The Supreme Court ruled in June to strike down a central provision of the Voting Rights Act setting a formula that identified which states with a history of racial discrimination needed to pre-clear changes to voting laws with the federal government. States like North Carolina have since moved forward with new voter ID legislation

The Kentucky senator said comparing new voter ID legislation to Civil-Rights-era Jim Crow laws was doing a disservice to icons of the Civil Rights movement, according to WFPL.

"I don't see a problem with showing your driver's license to vote," Paul said, as quoted by WFPL. "I also think that some people are a little bit stuck in the past when they want to compare this. There was a time in the South when African-Americans were absolutely prohibited from voting by selective applications of bizarre and absurd literacy tests. And that was an abomination, that's why we needed the Voting Rights Act, but that's not showing your ID."

Rep. Raul Labrador (R-ID) announced Wednesday that he will seek re-election to his congressional seat, dispelling speculation that he would make a gubernatorial run.

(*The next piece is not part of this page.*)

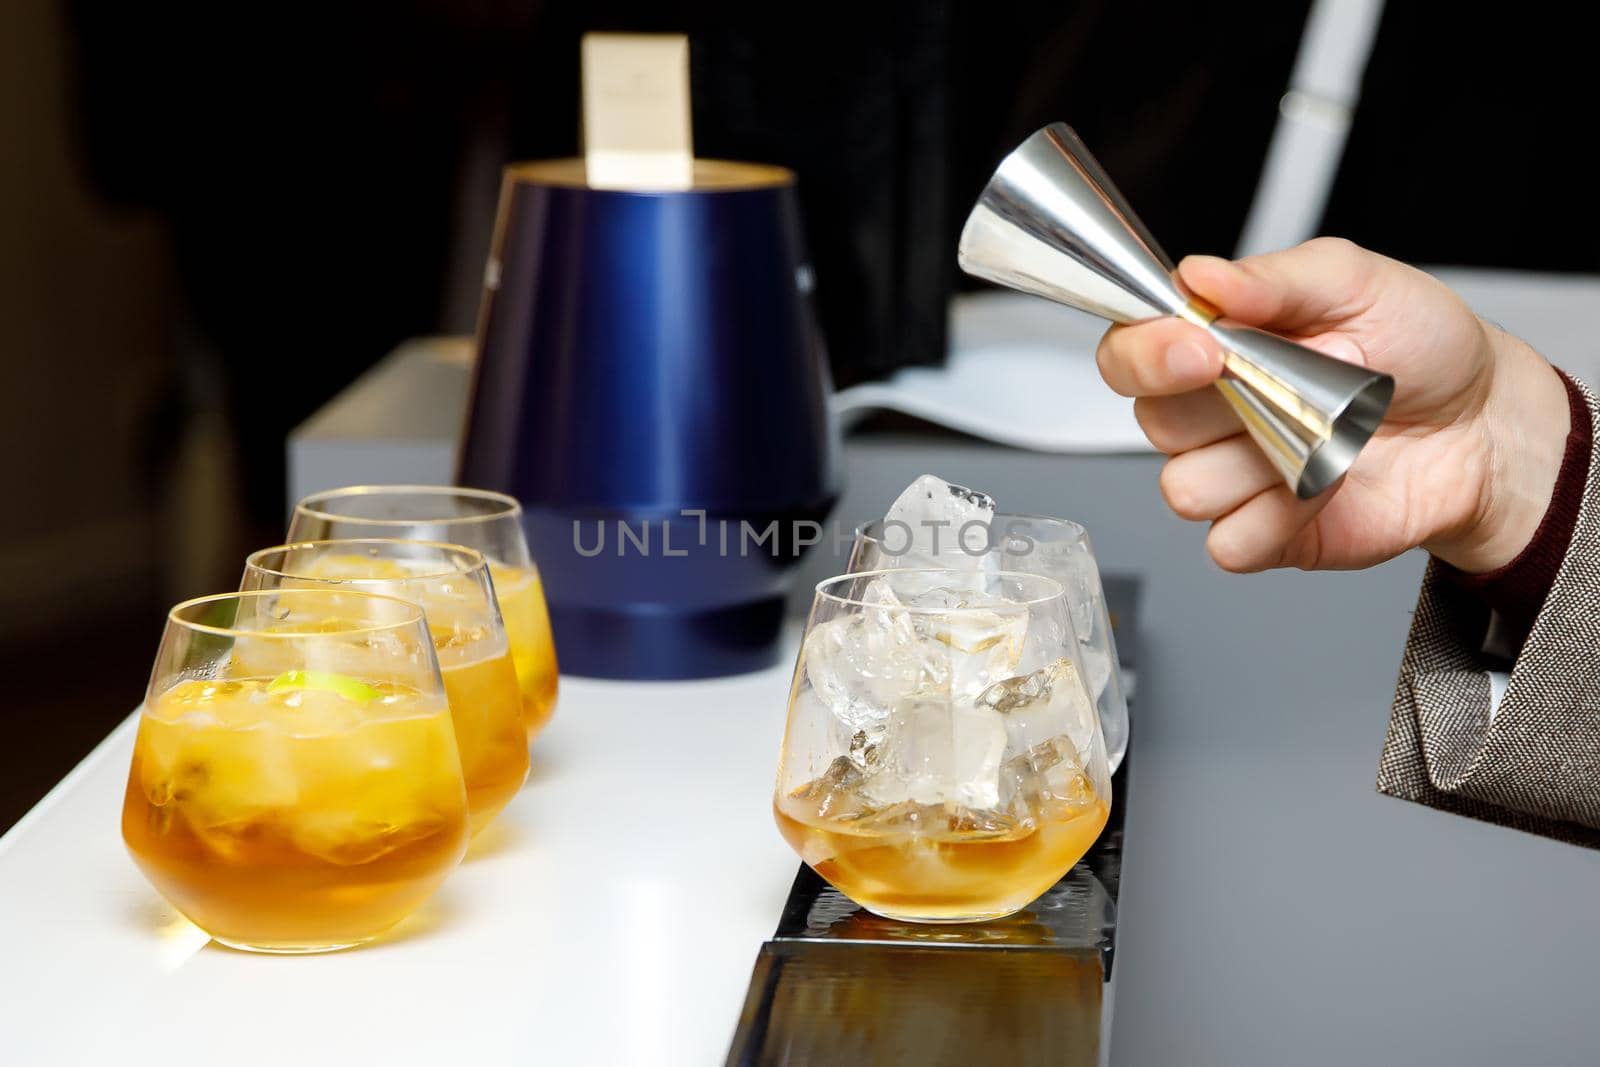 The bartender makes a cocktail. The barmen pour alcohol from a steel measuring glass

"I believe that I have been able to make a difference and have a lot of influence in Washington during my short time there, and I know I can have an even bigger impact in the years to come," Labrador said in a press conference, as quoted by the Idaho Statesman. "Even though many of you had very persuasive reasons why I should consider running for governor, I genuinely believe that Congress is the best place for me to serve you at this time."

Labrador wouldn't endorse incumbent Gov. Butch Otter (R) during the press conference, according to the Statesman, saying Otter "could do a better job."

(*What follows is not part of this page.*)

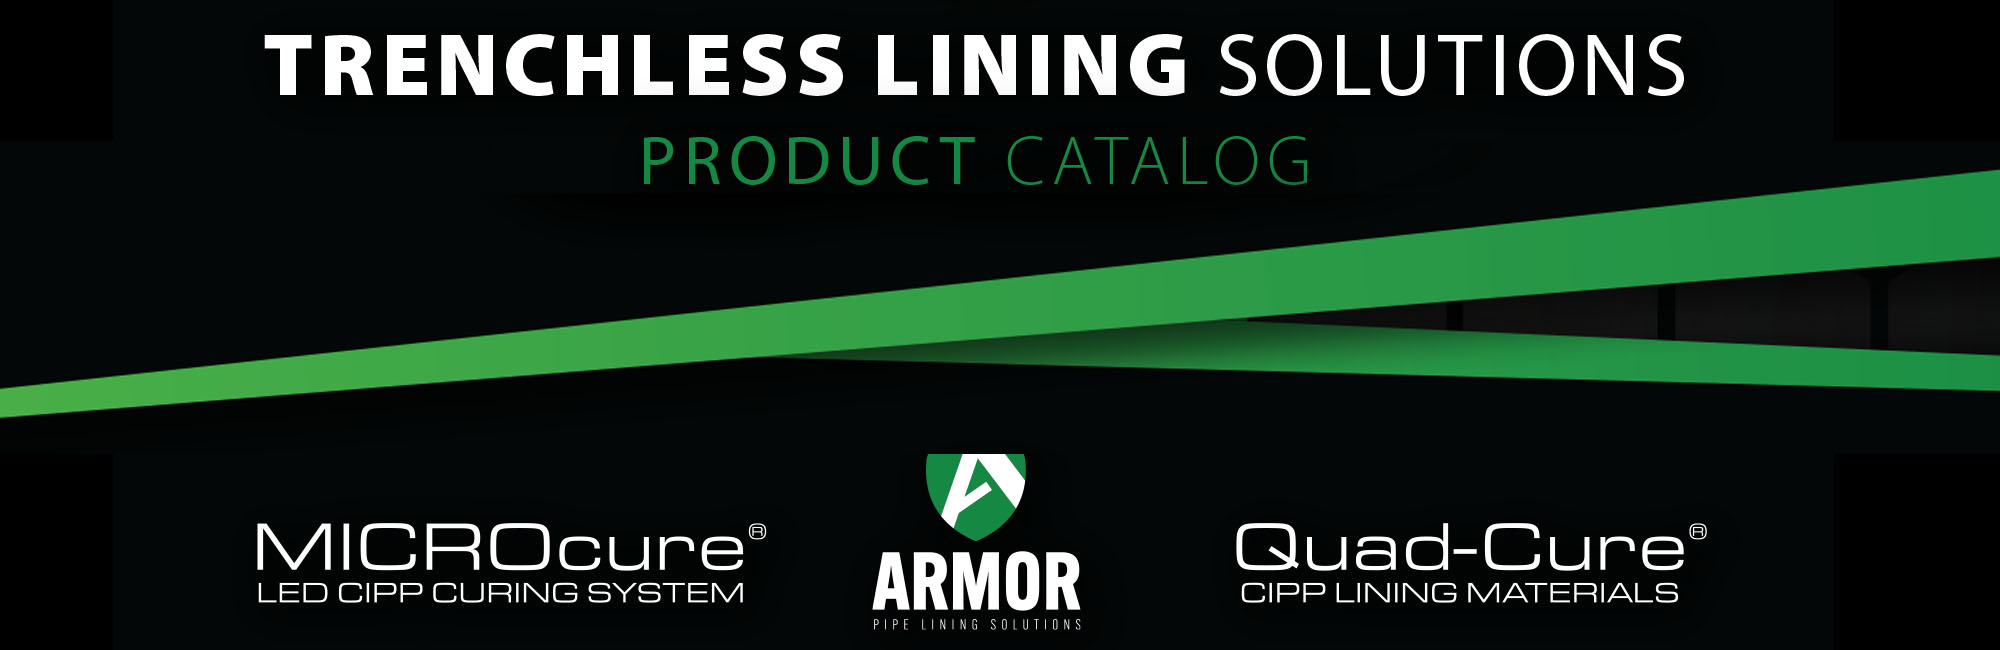 Trenchless Lining Solutions Product Catalog Banner

Kentucky Republican Senate candidate Matt Bevin challenged Senate Minority Leader Mitch McConnell (R-KY) to act on his stated support for ending Obamacare in a web video released Wednesday.

The video places Bevin alongside Sens. Ted Cruz (R-TX), Mike Lee (R-UT) and Rand Paul (R-KY) in calling on McConnell to take action to halt the implementation of the Affordable Care Act.

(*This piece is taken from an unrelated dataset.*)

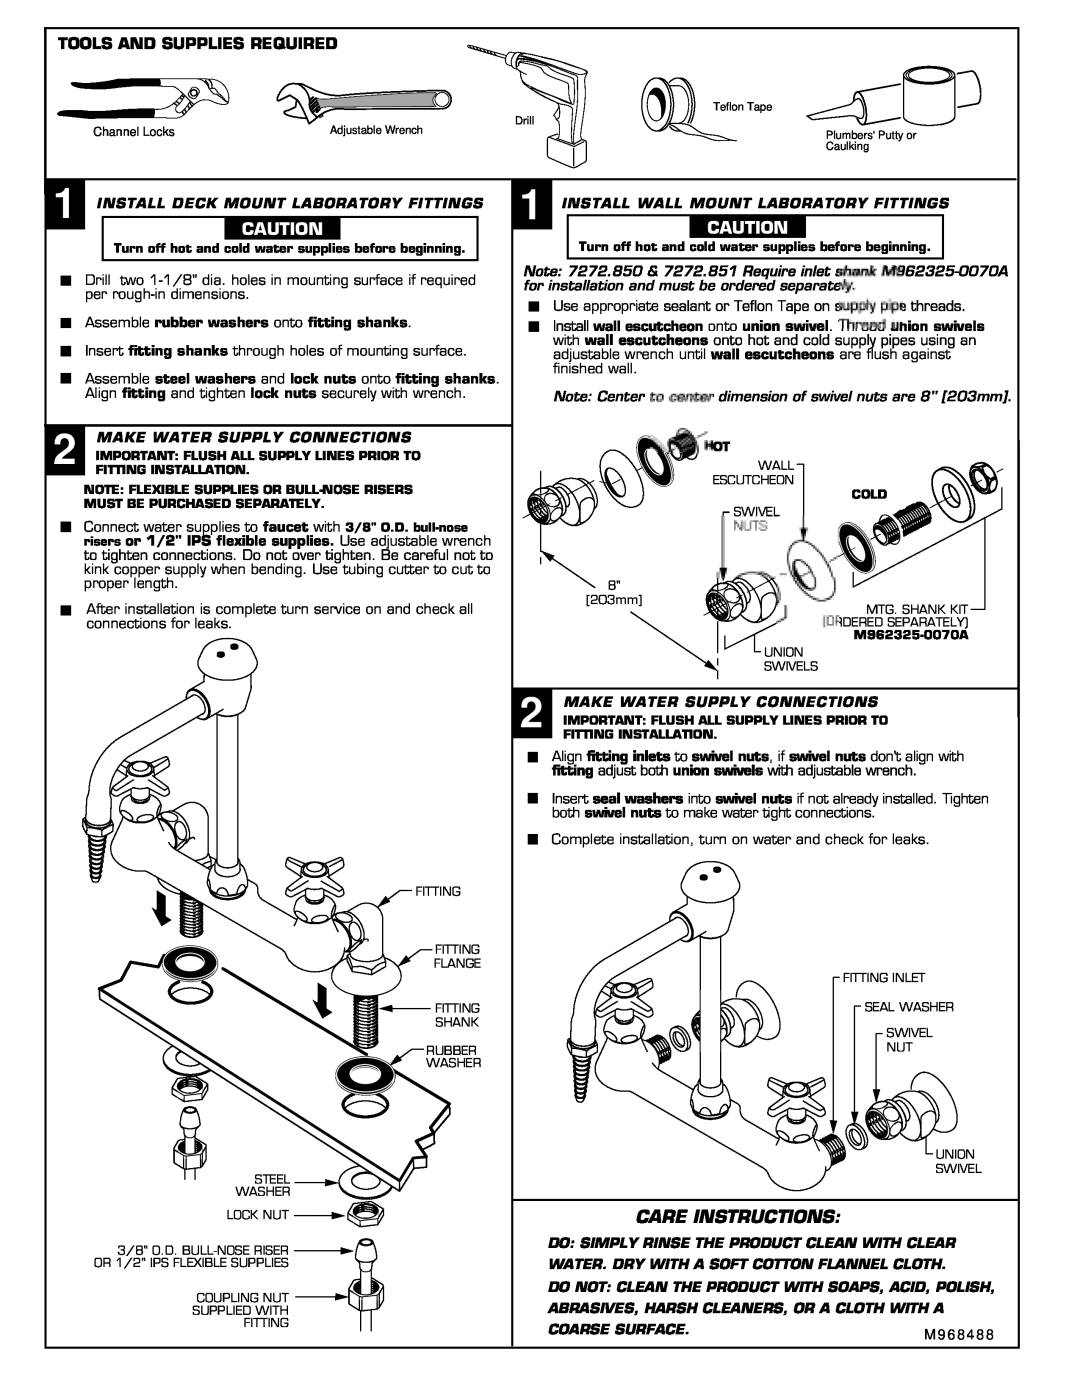 American Standard 7272.851 Care Instructions, Tools And Supplies Required, Install Deck Mount Laboratory Fittings

"You hear a lot of empty rhetoric from Mitch McConnell about ending Obamacare," Bevin said in a clip of his recent speech at Kentucky's annual Fancy Farm picnic. "Stop talking about yanking it out root and branch, and start voting in the U.S. Senate to kill it by defunding it."

McConnell said Tuesday that he supports bringing an end to the health care law, but that shutting down the government will not be able to stop the law's implementation. 

Former Chicago Ald. Sandi Jackson was sentenced to 12 months in prison on Wednesday, according to Chicago Sun-Times reporter Natasha Korecki. Her husband, former Rep. Jesse Jackson Jr. (D-IL), was also sentenced to 30 months in prison for crimes related to misusing $750,000 in campaign funds. 

White House Deputy Press Secretary Josh Earnest issued a statement Wednesday condemning the use of violence against protesters in Egypt as well as the country's return to a state of emergency.

"The United States strongly condemns the use of violence against protesters in Egypt. We extend our condolences to the families of those who have been killed, and to the injured," Earnest said in the written statement. "We have repeatedly called on the Egyptian military and security forces to show restraint, and for the government to respect the universal rights of its citizens, just as we have urged protesters to demonstrate peacefully. Violence will only make it more difficult to move Egypt forward on a path to lasting stability and democracy, and runs directly counter to the pledges by the interim government to pursue reconciliation. We also strongly oppose a return to a State of Emergency law, and call on the government to respect basic human rights such as freedom of peaceful assembly, and due process under the law. The world is watching what is happening in Cairo. We urge the government of Egypt - and all parties in Egypt - to refrain from violence and resolve their differences peacefully."

Egyptian Vice President Mohammed ElBaradei resigned from the country's interim government Wednesday over the government's "handling of sit-ins," NBC News's Ayman Mohyeldin reported from Cairo. The Agence-France Presse also reported El Baradei's resignation. 

The death toll from clashes between pro-Morsi protesters and security forces on Wednesday has risen to 149, according to the Associated Press.